For context, last year’s event at Budds Creek MX Park (Maryland) had 87 entrants in one class and 85 in another. 130 entrants tried to enter each of the race classes this year. Capacity is 90.

Increased participation does not necessarily drive profitability for MX Sports as entry fees tend to go towards putting on better events. But it does have a correlation to bikes sold, a critical metric for the seven OEMs investing $10-15 million/year in race teams (think: Kawasaki, Honda, Yamaha, Suzuki, KTM, GASGAS, Husqvarna).

“Racing is the single biggest marketing asset that we have,” Hinz said.

KTM spends nearly twice as much on motorcycle racing as it does on traditional advertising. And that disparity is growing.

“We’re increasing our investment [in racing] because we see an opportunity for growth in the market,” Hinz said. “And growth in the market is in part due to this [combined] series.”

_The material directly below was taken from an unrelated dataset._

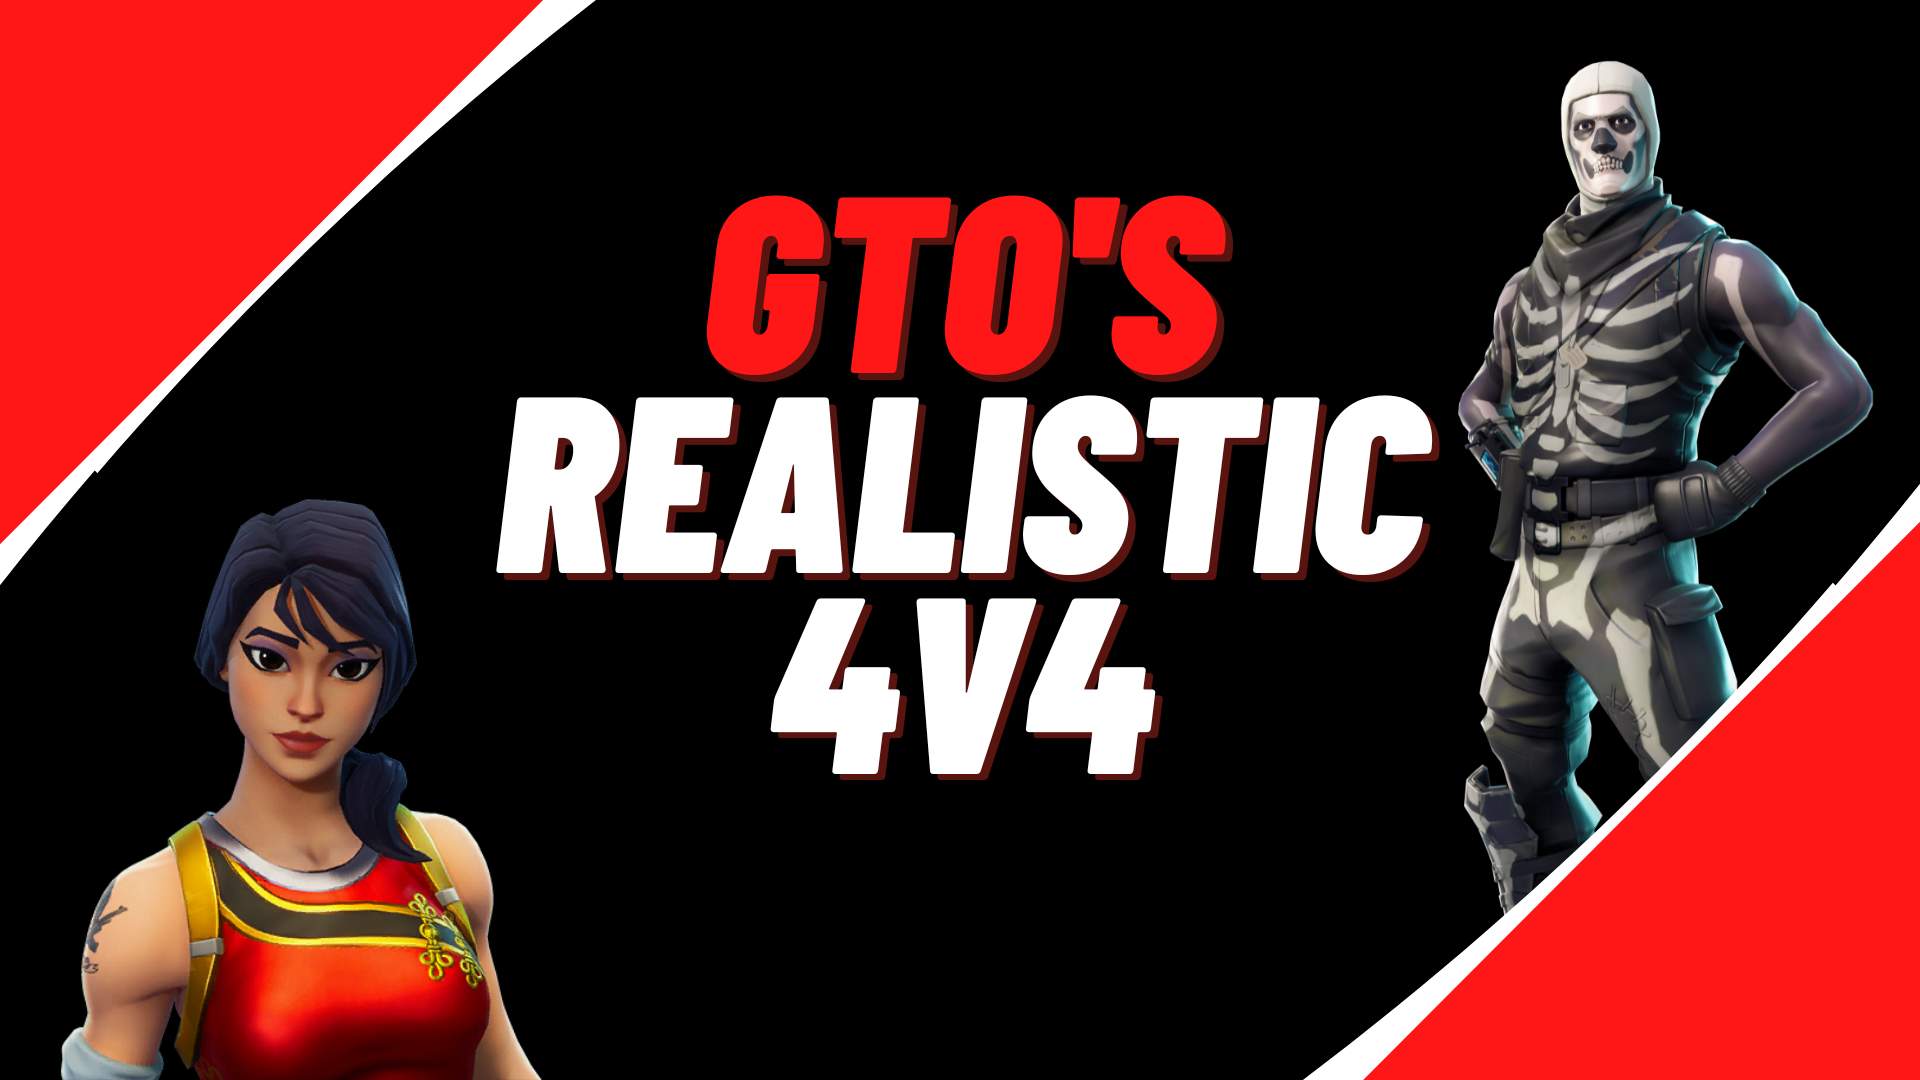 GTO'S 4v4 REALISTIC

Performance motorcycle manufacturers have long wanted Supercross and Motocross to come together and operate with the same rule book, under the same sanctioning body. And not even for the growth opportunity that has existed.

Doing so saves them “years” of R&D costs, Coombs said.

Come ’24, two more OEMs –and subsequently race teams– will join the SuperMotocross fold.

“Adding [Triumph and Beta] will only amplify the series moving forward and provide more racing opportunities for our athletes,” Prater said.

Coming together has yielded the desired results for motorcycle racing’s two series. It will be worth watching to see if the strategy delivers comparable outcomes for those associated with spring football, women’s hockey and pro pickleball.